The Accelerate HR Blog

Super-fast bulk data imports in Rails with ar-extensions   (Sat Jan 19 2008)

Most Rails tutorials assume that when you import or move data it's going to be a record at a time. Yes, there are methods for importing bulk data. You can use migrations for initial data entry, and I've found FasterCSV useful for comma-delimited files.

But these are always painfully slow. Why? Because they iterate Create statements within a block. Like this:

FasterCSV.foreach("#{RAILS_ROOT}/lib/nationality.csv") do |row| Nationality.create(:nationality => row[1])
end

For each iteration, a separate SQL statement is being generated. And when you're importing thousands of records, that gives you plenty of time to go and get a coffee .. or two .. or three.

In the Accelerate HR database, we're going to be bulk-importing data frequently, notably when we capture and then interpret records from an attendance reader. Take a largish business - with a couple of thousand employees. They may clock in and out several times each day. We'll need to pick up the data once a day, and that could mean 10 - 20,000 records. Even if I ran the import in the background, that's quite a strain on the system - and delays of more than a second or two just aren't acceptable.

Well today, I solved the problem, thanks to a great piece of work from Zach Dennis.

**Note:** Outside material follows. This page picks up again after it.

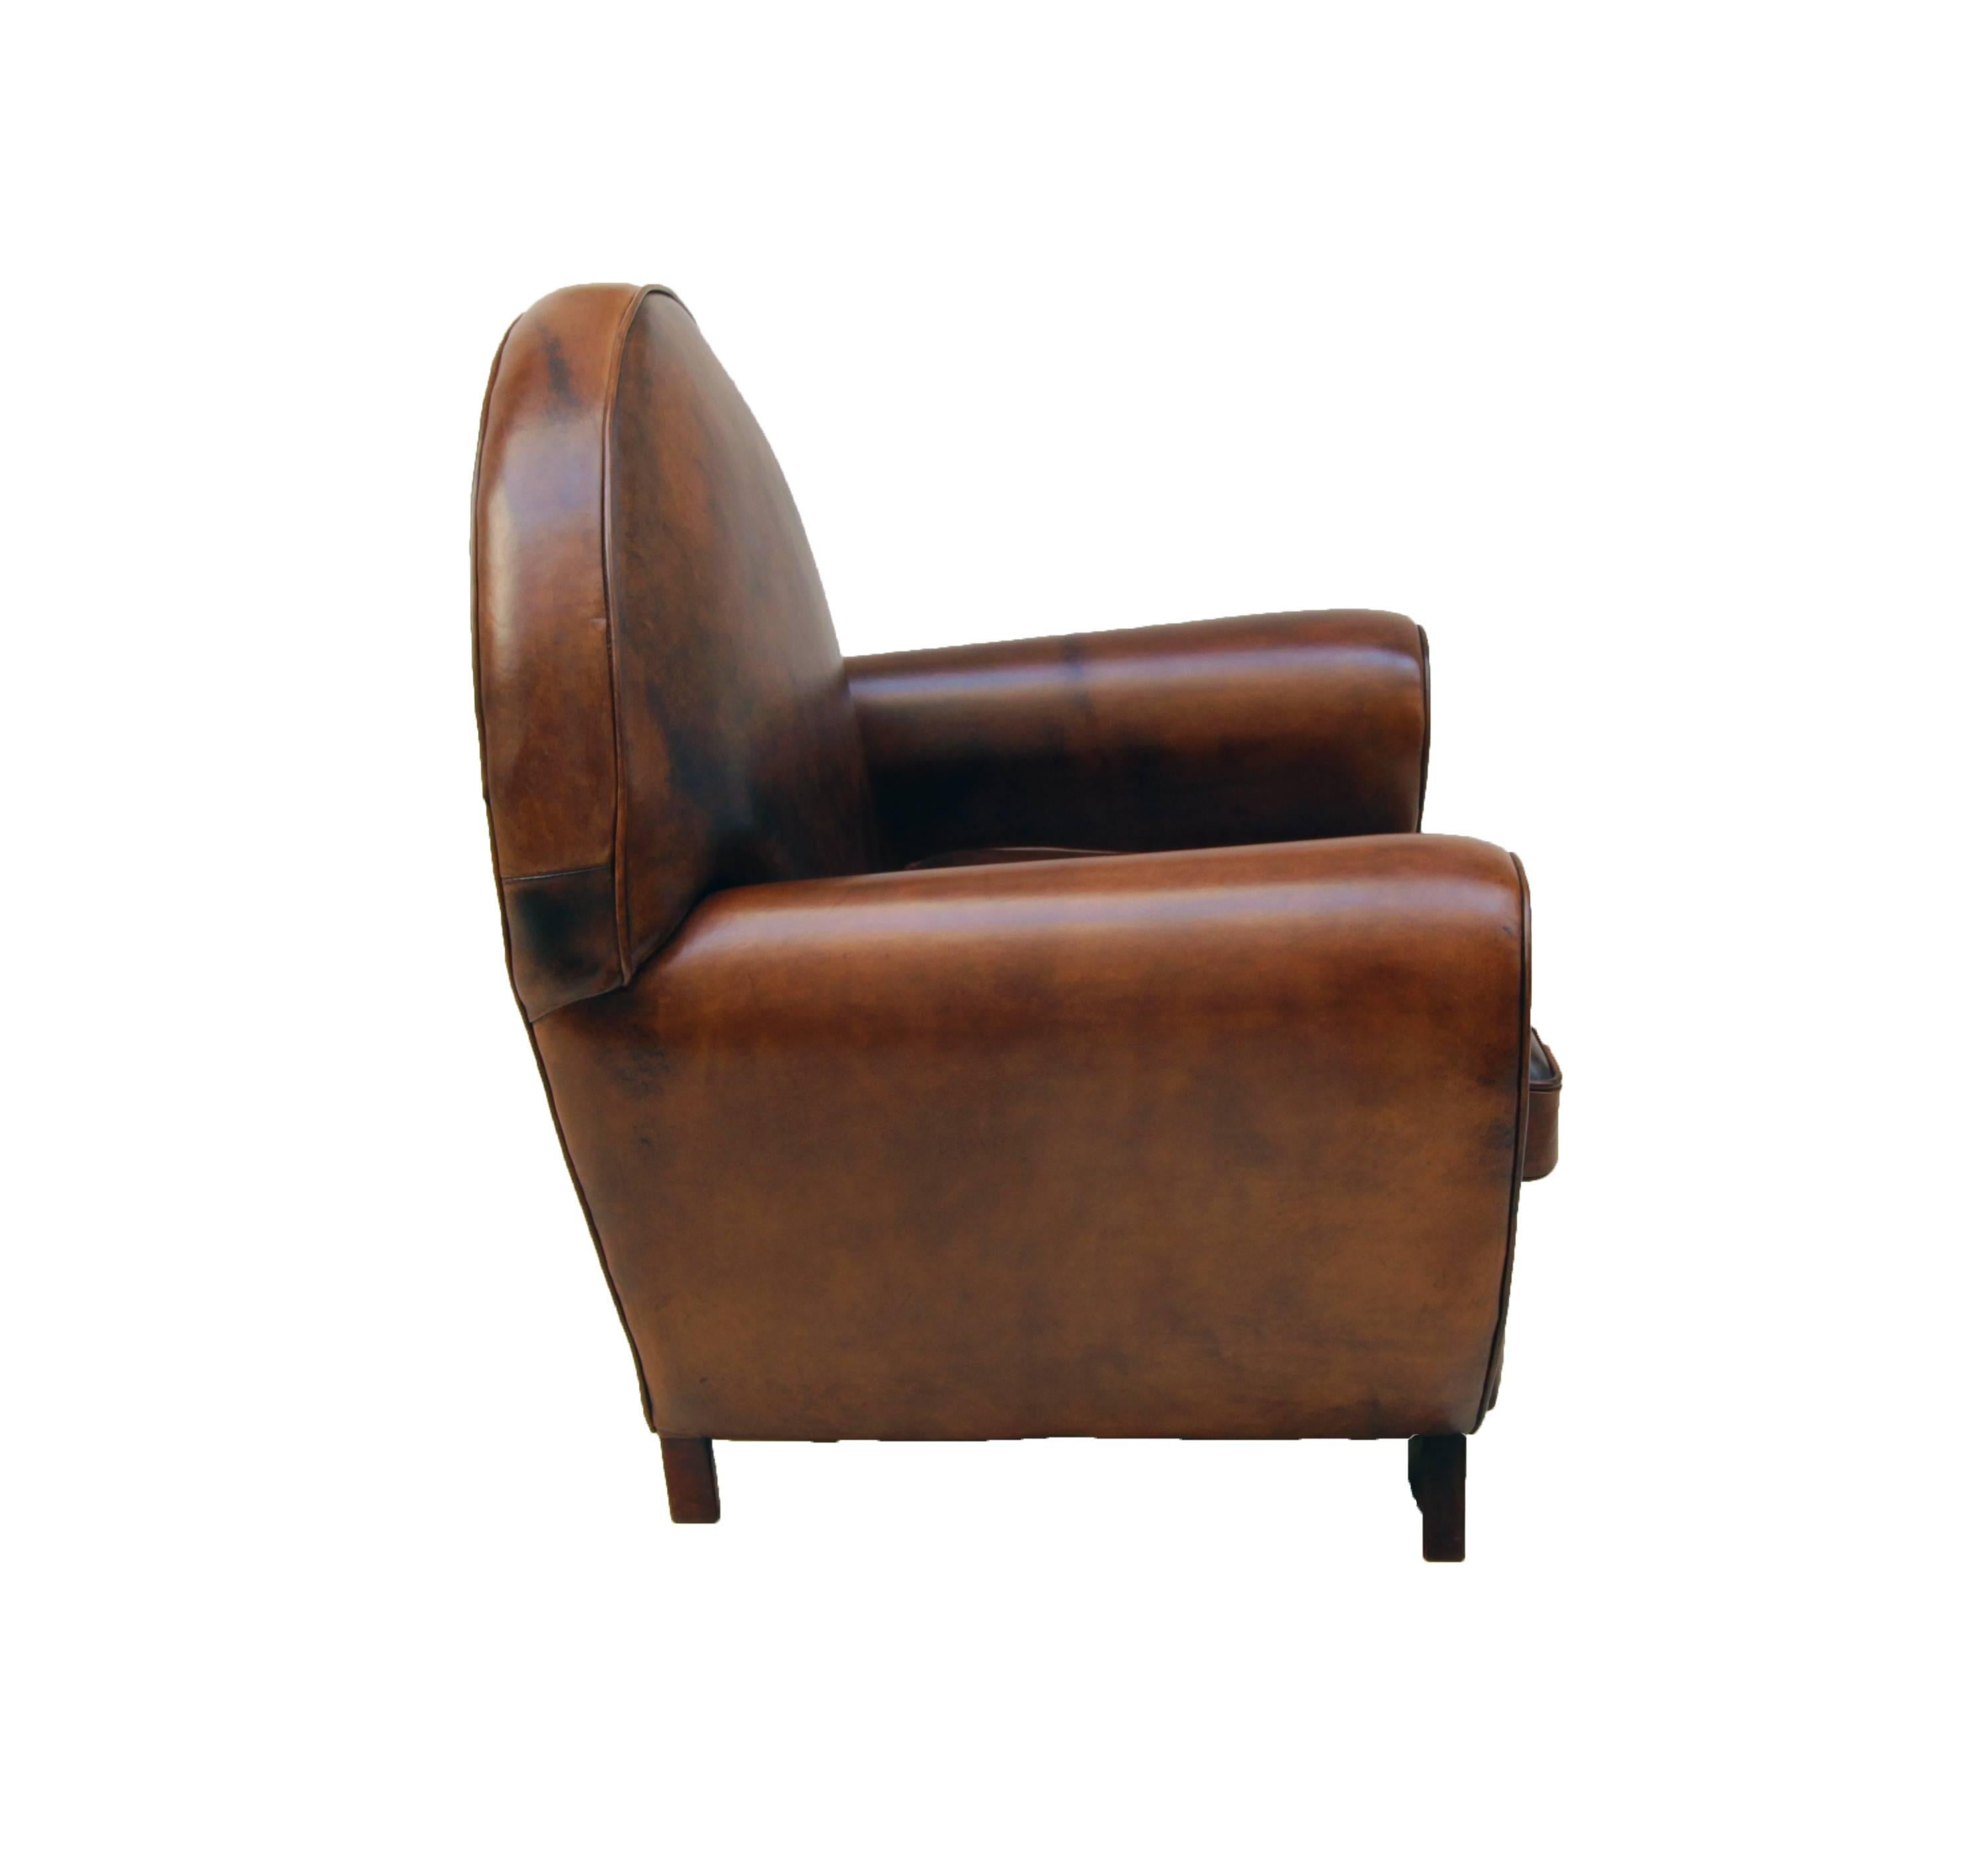 This club armchair, is covered with hand-patinated sheep leather. The armchairs have a very nice Art Deco shape. The leather is very sturdy and it is very comfortable to sit.

A process that was taking more than 10 minutes came down to less than 1 second.

Let me put you in the picture. I was working on the payroll setup. Each employee is assigned to a cost center, and in the Employee model we have the fields costcenter_id and costcenter_date, (this being the date when the cost center was assigned). But people may be moved from one cost center to another. The client I'm dealing with now supplies some of its staff to other businesses, so we use the cost center to determine how much to charge for these services. This means we also need a cost center history, showing all the assignments and the change-dates.

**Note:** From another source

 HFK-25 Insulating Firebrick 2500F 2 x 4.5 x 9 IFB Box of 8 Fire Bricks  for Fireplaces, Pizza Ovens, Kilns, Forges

To get this started, I'd set the current cost centers for 1150 employees (using another automated process ... but that's another story.) When the user confirms that everyone's been assigned and the set-up is complete, I wanted to initialize the Costcenterhistory table sending the Employee id, costcenter_id and costcenter_date from Employee to Costcenterhistory. That's what was taking 10 minutes, using the normal looped Create method.

So I Googled around to find a better way, and came across Zach Dennis's ActiveRecord::Extensions - that's ar-extensions. (A quick heads-up here to Ilya Grigorik, who pointed me in the right direction.)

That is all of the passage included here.